The highlight of the dashboard is that large 9.0-inch touchscreen infotainment display, picked directly off larger Volvos like the XC60.
This multifunction screen lives up to its name. There are very few buttons on the dashboard and you have to get used to control almost everything about the car from this screen. Be it the climate control and seat heating..
...to multimedia playback and surround sound mode selection…
(the XC40 makes do with a 13-speaker Harman Kardon system, no Bowers and Wilkins system here)
...to controlling the plethora of driving and safety aids…
(which by the way is radar-based. See that huge black bit on the windshield - it houses the radar system…
… which can reduce driving fatigue, and thus improve safety, by offering features like emergency braking, collision avoidance, adaptive cruise control, lane-keeping assist and almost-autonomous driving capability. All first-in-segment features!)
...and even selecting the drive modes, everything is done via this touchscreen. It does take some time getting used to it.
Also reducing clutter in the cabin is the large all-digital infotainment screen with multiple displays depending on what a driver may want to see.
It would be unfair to expect the same levels of luxurious materials on the XC40 as its more expensive siblings, but that does not mean it feels low rent. Everything you touch feels good and well designed...
...and quirky too. Look at the boxy design of the horn pad!
The Volvo XC40 is made for the younger generation, possibly with just two people and their small family in mind.
Because that rear seat is not going to be a comfortable place for 3 adults to sit side-by-side for long journeys.
It’s not just the lack of width and the rather upright backrest angle, the kneeroom is at a premium here. Thankfully two six-footers can sit one behind the other, but that’s about that.

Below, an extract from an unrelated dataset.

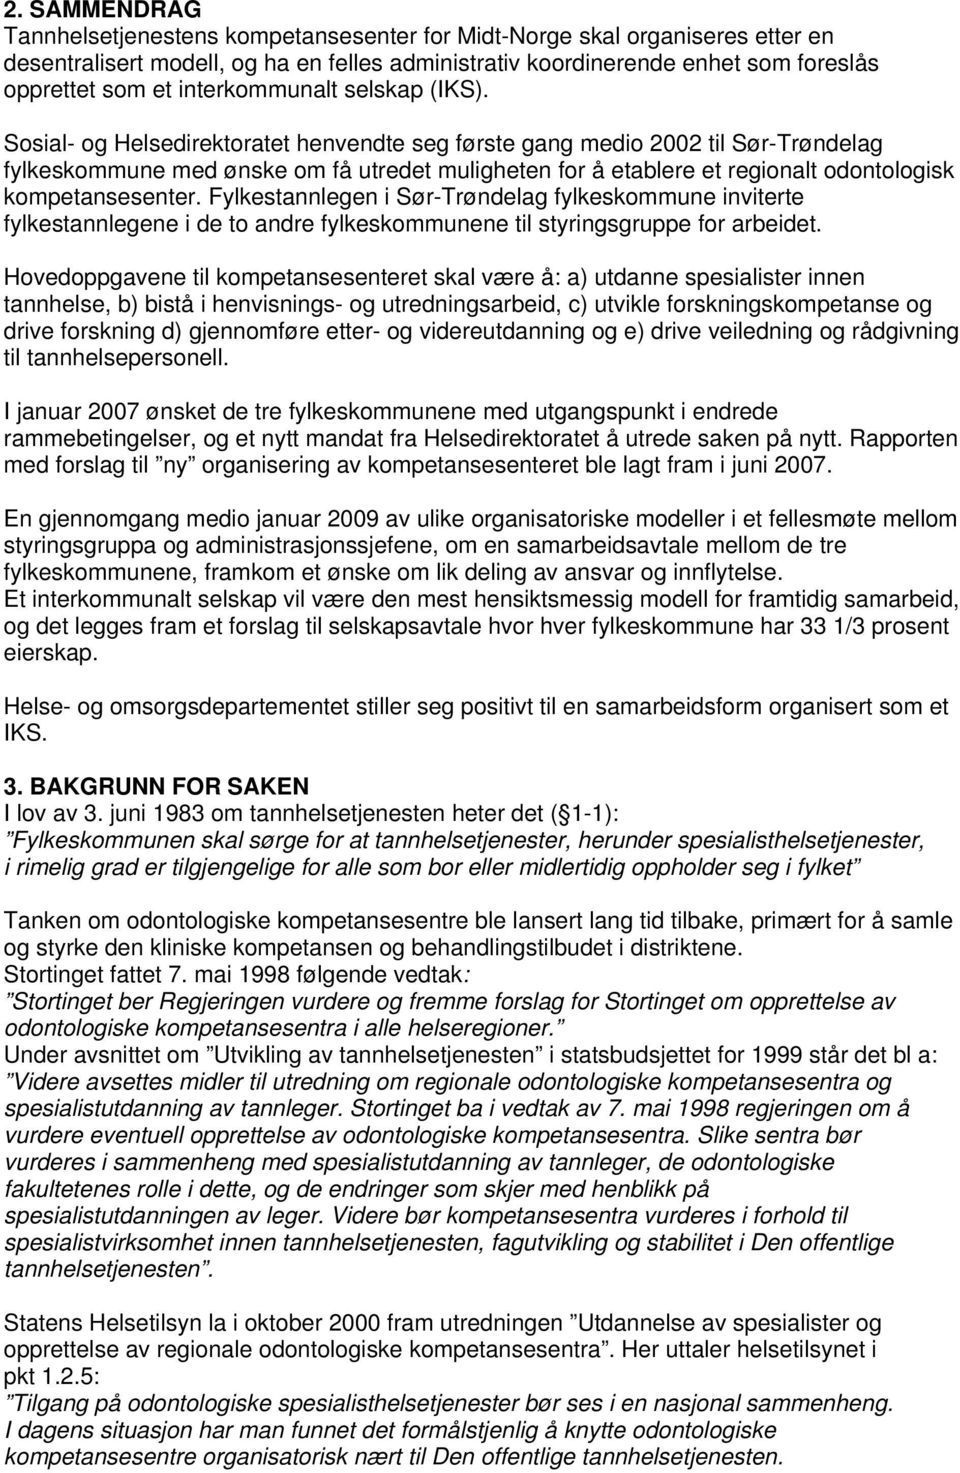 Sosial- og Helsedirektoratet henvendte seg første gang medio 2002 til Sør-Trøndelag fylkeskommune med ønske om få utredet muligheten for å etablere et regionalt odontologisk kompetansesenter.

The interior doesn’t get claustrophobic. Helped, in part, by the panoramic sunroof.
The Volvo XC40 may not be able to fit 5 adults, but it does have enough space to fit everything a small family may need and maybe more. Cubby holes are galore in the front centre console, including…
...a built-in ‘Qi’ wireless charger, with spare space beside it to fit two more smartphones.
The front centre armrest folds up to reveal a cavernous storage space with a nicely integrated trash can.
There’s also this neat little drawer under the driver seat which can hold items as large as a notebook PC.
The rear centre armrest can also hold cups/cans of various sizes.
These substitute for the missing bottle holders in the rear door pockets.
That is a 586-litre boot. Impressive in its own right, but there is more to it than meets the eye.
Its floor is ‘smart’, with different configurations available to store your luggage in the best way possible
Including this configuration to hold shopping bags in place easily, those ‘hooks’ are normally part of the floor.
The seats fold flat, with a 60:40 split for more convenience.
The space under the boot floor could have been even more, but Volvo decided to offer a space-saver spare tyre instead.
As stated before, powering the Volvo XC40 is a 2.0-litre, 4-cylinder turbocharged diesel engine developing 190PS of maximum power and 400Nm of peak torque.
While these figures are class leading, in line with the BMW X1 M Sport, the power delivery is not explosive. The limitation seems to be the gearbox, which is a bit slow to react to stomps on the accelerator.
Everyday driveability and triple-figure highway cruising speeds are easily attainable and maintainable.
There is a problem though. The ride. It is a mixture between stiffness at all speeds and bounciness at higher speeds which tends to make the XC40 feel less luxurious than it is. The compact SUV does not get air suspension, instead relying on steel springs all around. Volvo may need to calibrate the suspension for Indian roads if it wants people to absolutely fall in love with it.
Apart from that, there is no doubt that Volvo has a serious contender in the compact luxury SUV segment. Volvo claims it will price the XC40 within the segment, but on the higher side. The design, compact dimensions, features and safety on offer should make it a value-for-money proposition, though.